=== Dataset entries ===
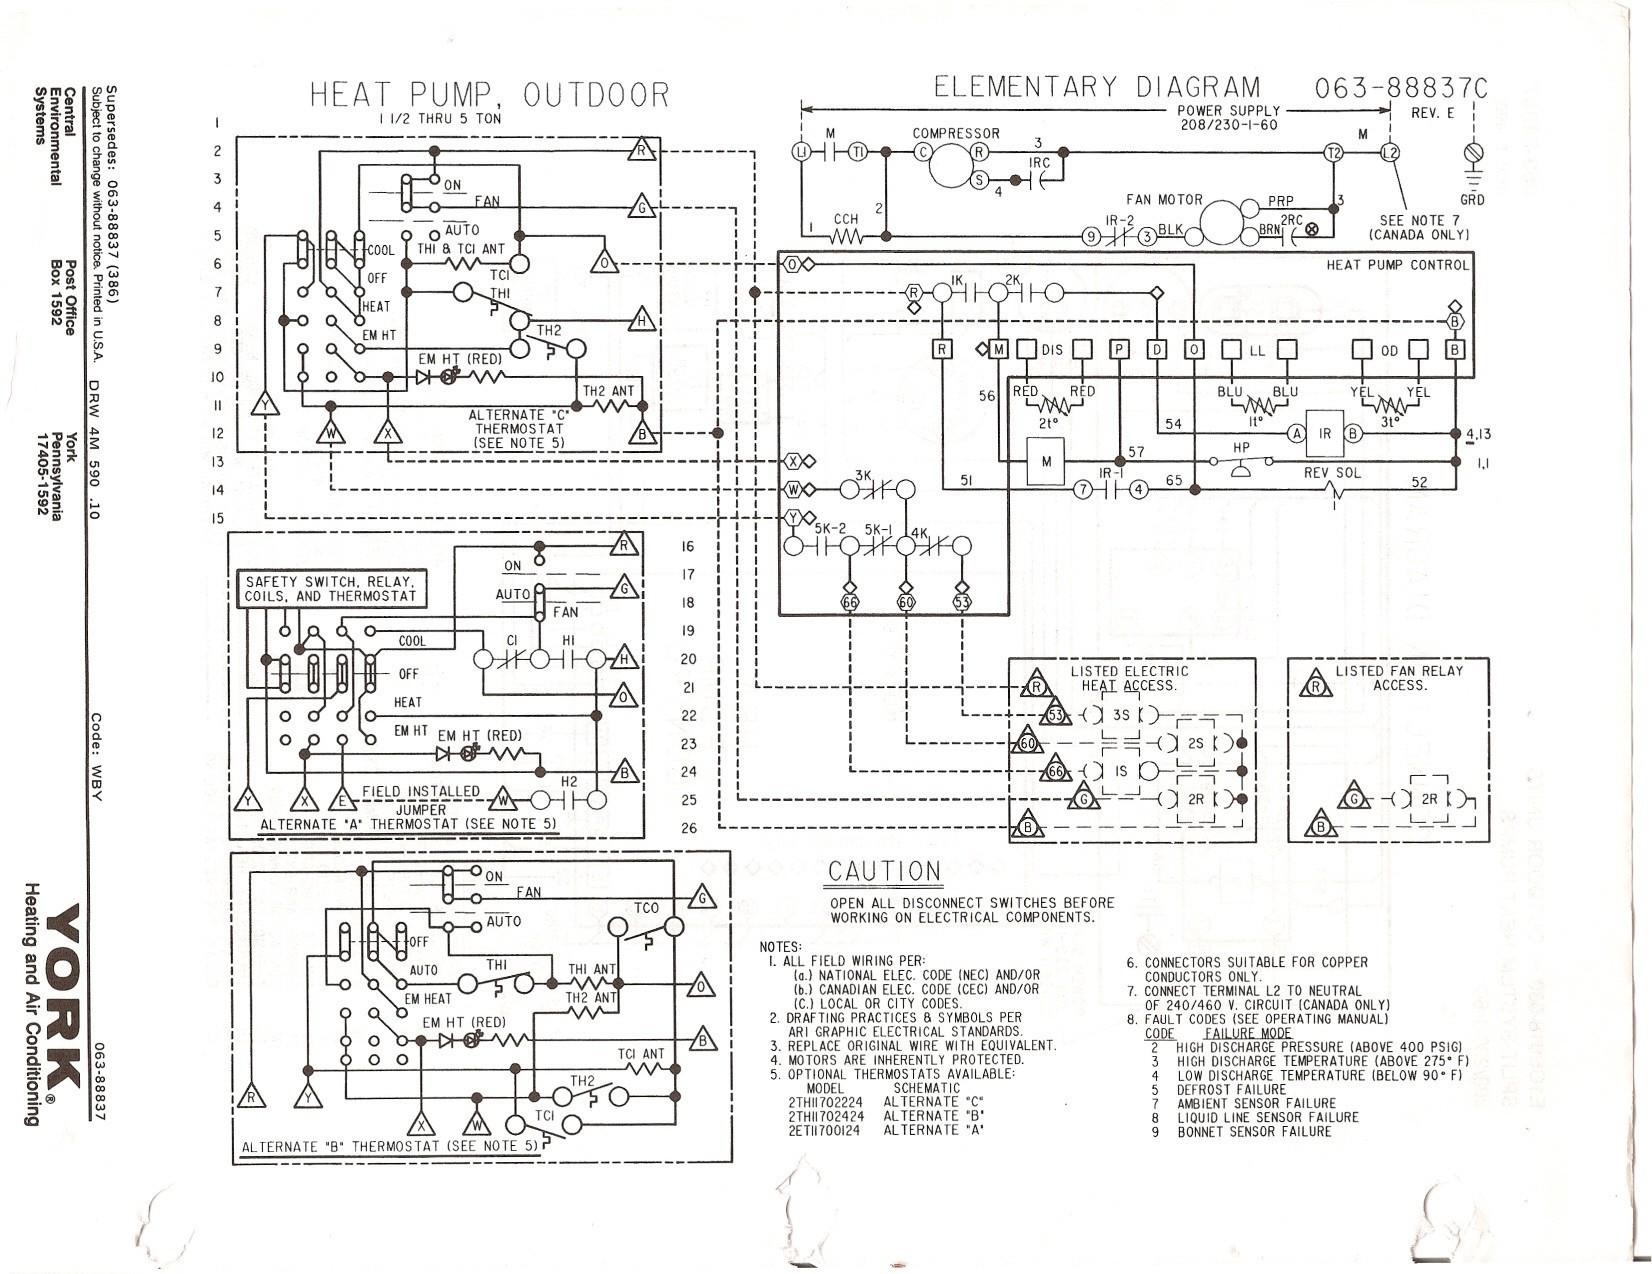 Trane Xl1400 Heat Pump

* * *

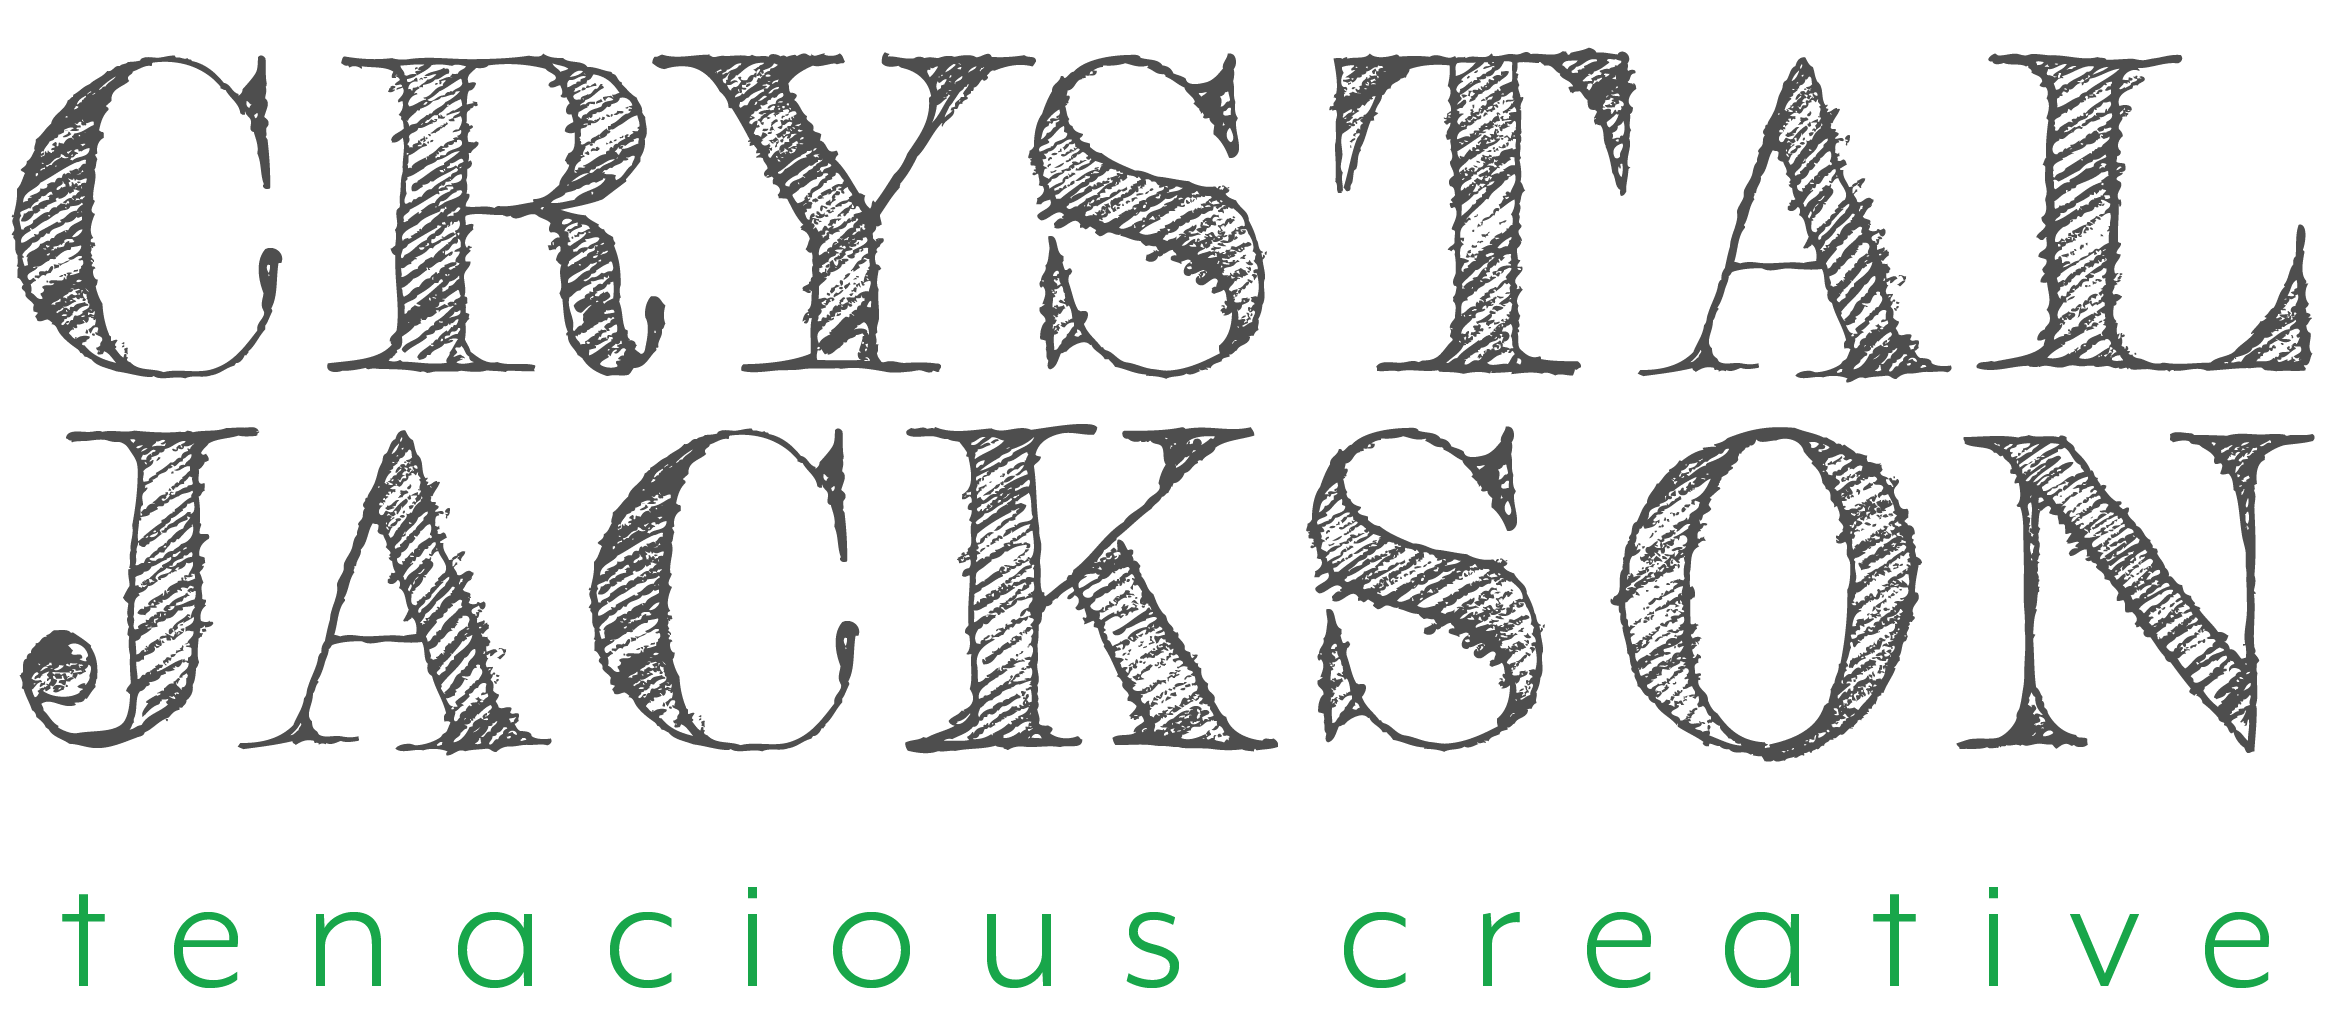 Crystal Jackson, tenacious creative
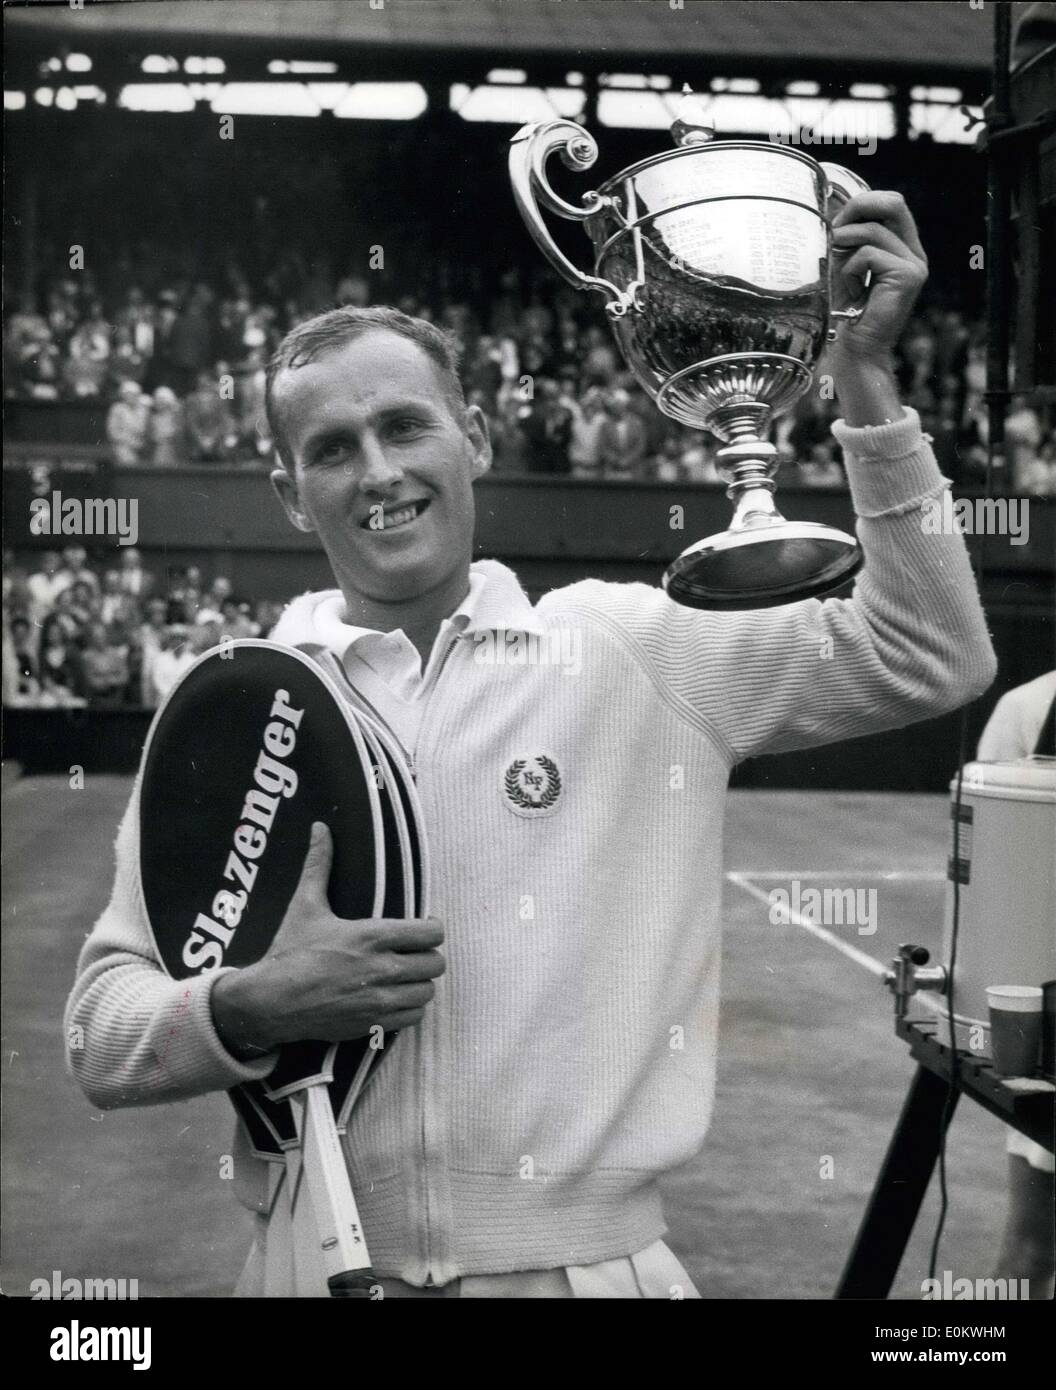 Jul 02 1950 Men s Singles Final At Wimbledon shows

=== Work task ===
From the records above, extract the lines from the one holding "Crystal Jackson, tenacious creative" through the one holding "Jul 02 1950", word for word; omit the pictures.

=== Your solution ===
 Crystal Jackson, tenacious creative
 Jul 02 1950 Men s Singles Final At Wimbledon shows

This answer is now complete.